First, open all the windows. Then dissolve the sea salt in hot water and put it in the glass. Sprinkle the floor with the water. Next, anoint each candle with sandalwood oil and light them. While they are burning, put the sage in the sink and set it on fire. Once it’s burned down but still smoking, walk through the studio with it, making sure you smoke out any place where shadows can gather. All the while, whisper an invitation to the energy, telling it that it’s free to go, that you are releasing it.
Finally, spray some of your lovely House of L’Etoile perfume to help put your energy into the air and because you might not like the scent of all that sage.
All my love,
Your Maman
There wasn’t much Stanislaw had left behind that I’d kept. The High Victorian wallpaper and furniture in the studio had been depressing to live with. Brown not being one of my colors, I’d had the place painted a soft, light peach color to go with the hardwood floors I had discovered under the carpets. I decorated in autumnal colors. Rugs and fabrics in rusts, ambers, topazes, and forest greens.
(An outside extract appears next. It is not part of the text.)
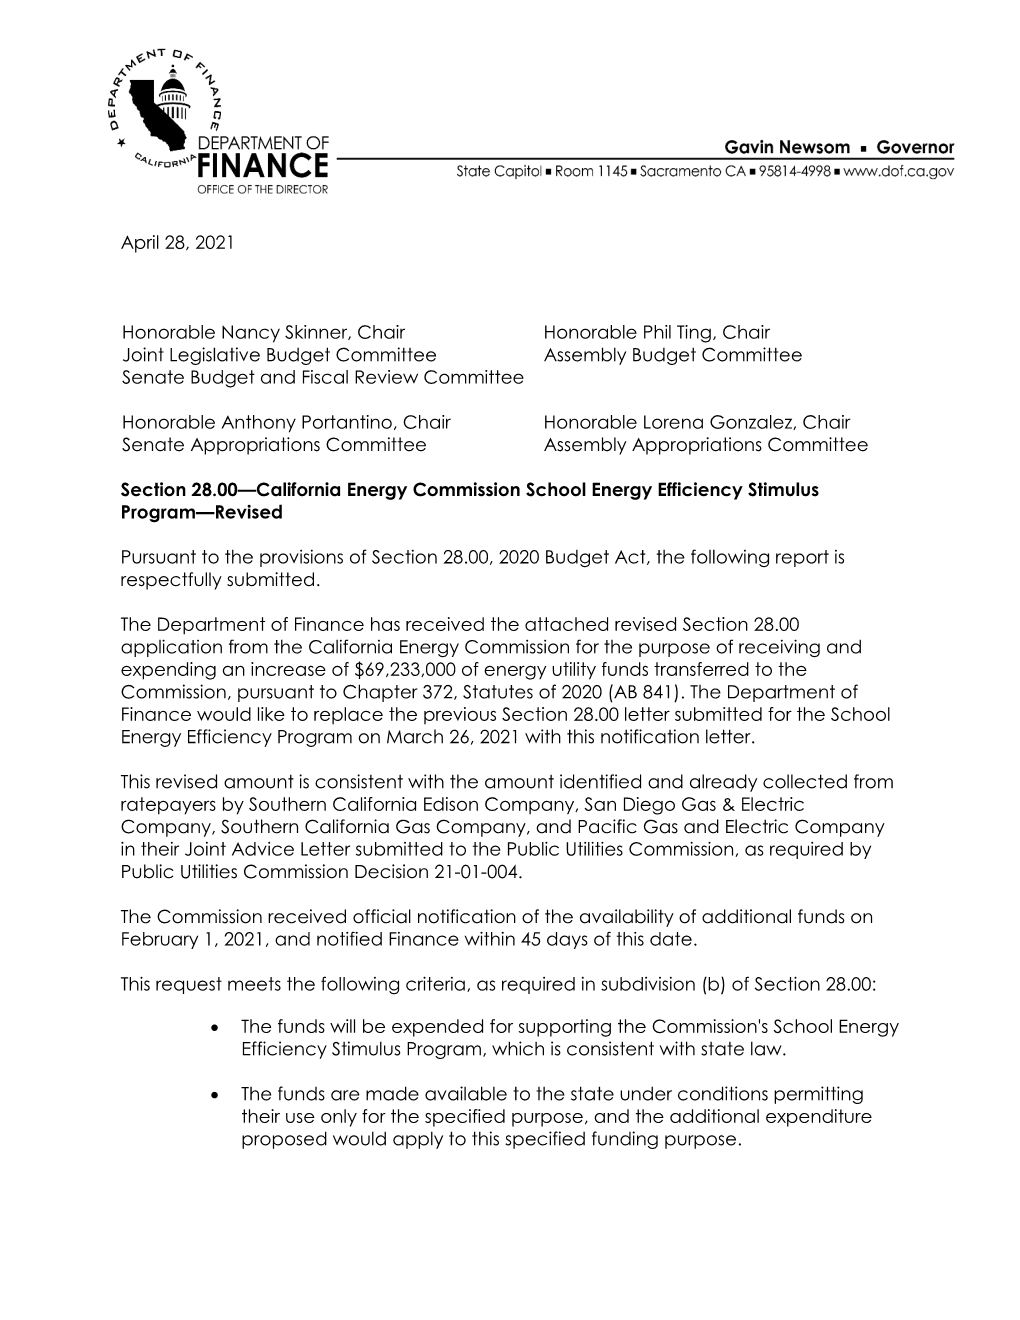 School Energy Efficiency Stimulus Program—Revised

Once I’d lit the candles and filled the room with the scents of sandalwood and sage and then my own fragrance, the energy did feel clean and positive, and it remained so for years. But all that changed after Monty’s funeral. Even the winter sun coming in from the skylight felt too bright for my eyes. Any hint of hope or joy seemed blasphemous.
My grief over Monty’s death, mixed with my anger at Tommy and my self-loathing, overwhelmed me. Because of a secret I had sketched out, someone had died, and my life was forever altered. Although the signs had been there all along, alerting me to the possible dangers involved in revealing the secret lives of others, this marked the first time my work had truly betrayed me. Never had it caused such tragedy. Could I even go on? What other damage would I create by continuing?